Governance and Reporting

  • Process: The Compartment integrates Sustainability Risks into decision-making and investee engagement throughout the investment process. The Compartment’s investment evaluation of investees includes an ESG risk assessment, leading to an ESG risk score according to the level of ESG risks. The ESG risk assessment, conducted during the due diligence phase, is customized according to the profile of the investee. If the ESG risk assessment leads to a high-risk categorization where ESG-related risks cannot be mitigated to a satisfactory extent, the investment will not proceed. If the Sustainability Risks are considered low to medium, the results of the ESG due diligence are included in the Investment Memorandum presented to the Investment Committee whose investment decision is informed by the review of ESG factors. Where significant Sustainability Risks are identified as a result of the ESG due diligence of an investee but the level of risk remains overall low or medium, a clear ESG risk mitigation strategy may be requested as a prerequisite for investment, and regular updates related to the ESG risk mitigation strategy and/or ESG Action Plan as a reporting requirement.

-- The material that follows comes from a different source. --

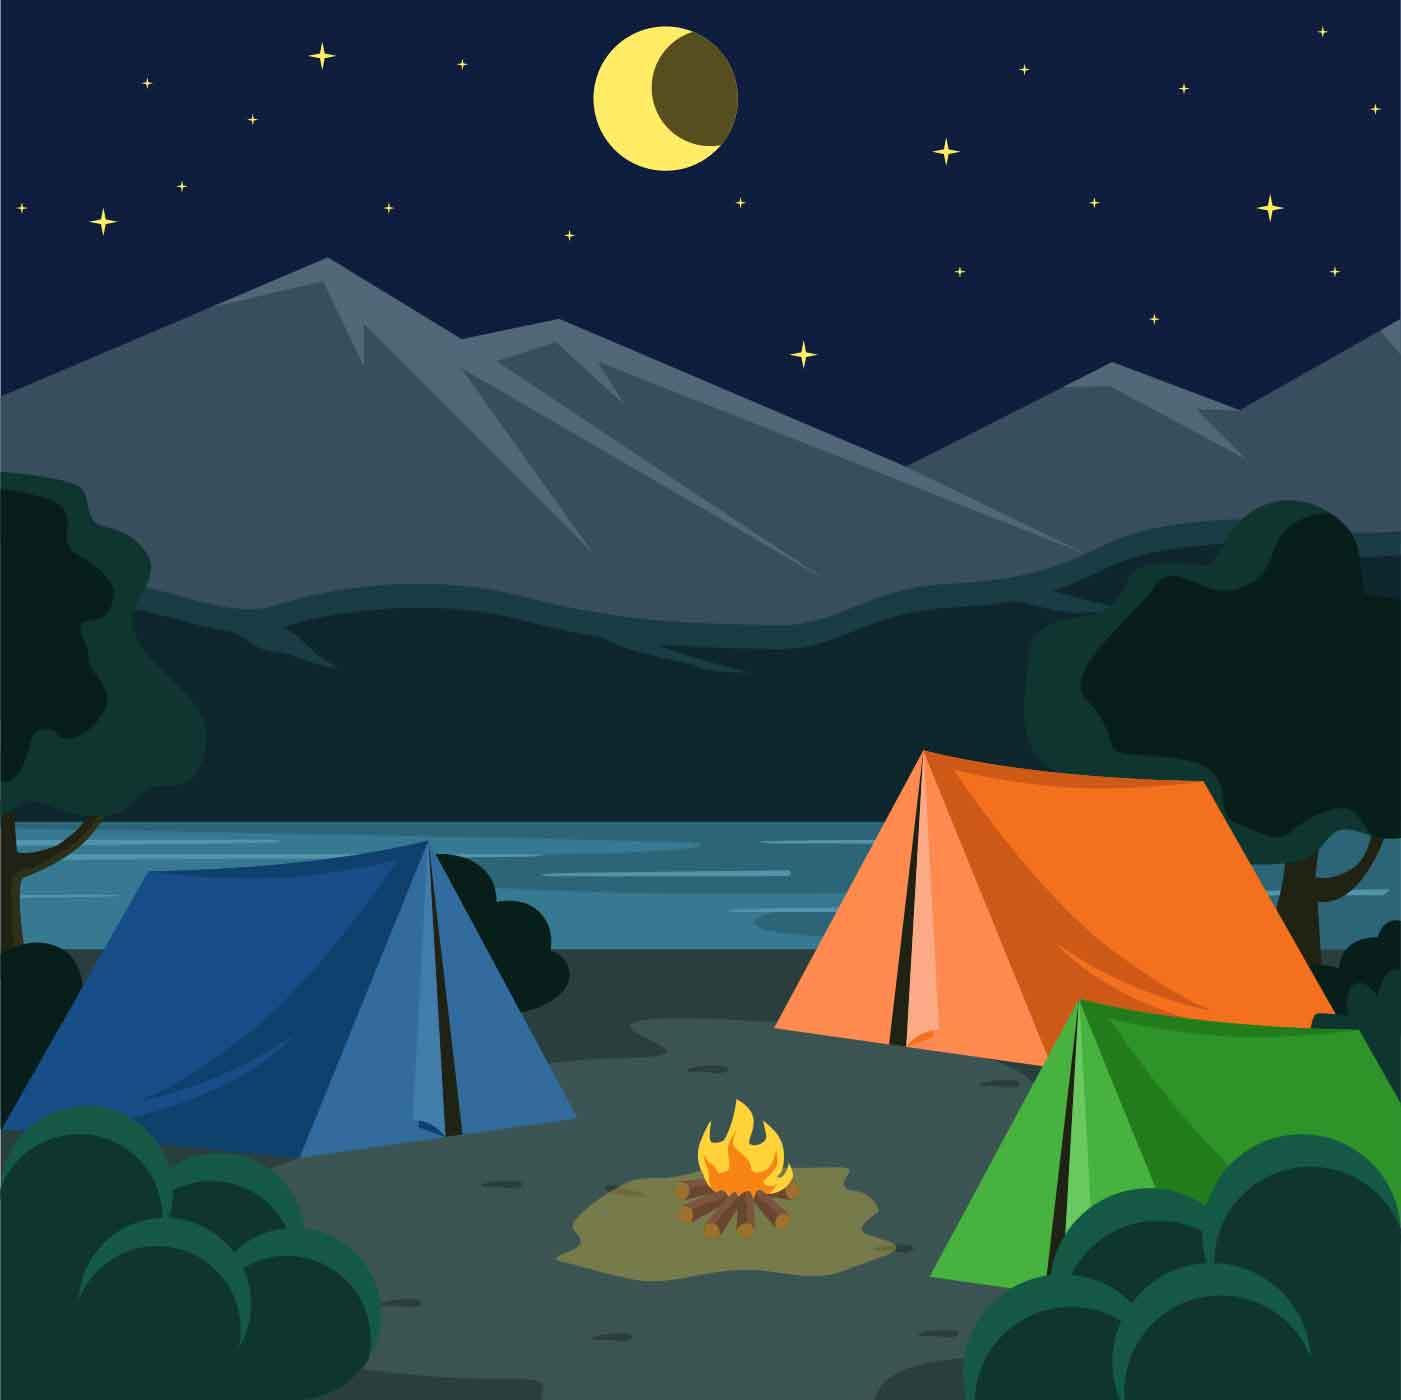 Night Camping Illustration Vector 209086 - Download Free ...

Mandatory incident reporting further facilitates our ESG risk management. Finally, our Compartment’s engagement with investees, including on ESG matters, is an integral component of Cycle’s investment process and contribution to positive development impact.
  • No Adverse Impact: The investment process provides that the portfolio companies follow good governance practices and that the precautionary principle of ‘do no significant harm’ is ensured. No adverse impact on the environmental and social goals should arise from investment decisions or from the portfolio companies themselves.
  • Investment Decisions: The Compartment's investment process includes a sustainability evaluation, and every investment memorandum includes a section on the potential emission reduction potential of evaluated companies and their technologies. The core investment focus of the Fund are sustainable technologies especially in the energy efficiency, hydrogen economy and electrical grid. Thus, in the selection of companies to be screened, in the due diligence of companies and in the investment management process, the sustainability performance aspect is paramount.
  • Compartment Returns: The impact of additional emission regulations and sustainability policies fostering emission reduction of all industries are projected to have a positive impact on the technologies the Compartment invests in. Compartment's returns are expected to prosper as portfolio
  • Remuneration Policies: The Fund has a remuneration policy accessible on the funds website https://www.cycle-group.com.
  • Impact Reporting: Annual Impact Reports are provided to measure the sustainability of investments and their impact using Impact Investment and Investment Reporting Standards (IRIS) performance metrics developed by the Global Impact Investing Network. Management and investment decisions about an individual investment will be made not in isolation but in the context of the investment policy and the Impact Investment and Investment Reporting Standards. As a whole with risk and return objectives reasonably suited to the Fund. IRIS is an initiative of the Global Impact Investing Network, a non-profit organisation dedicated to increasing the scale and effectiveness of impact investing. Impact investments are investments made into companies, organisations, and funds with the intention to generate social and environmental impact alongside a financial return. The GIIN recognises impact measurement as a core characteristic of impact investing and offers IRIS as a free public good to support transparency, credibility, and accountability in impact measurement practices across the impact investment industry.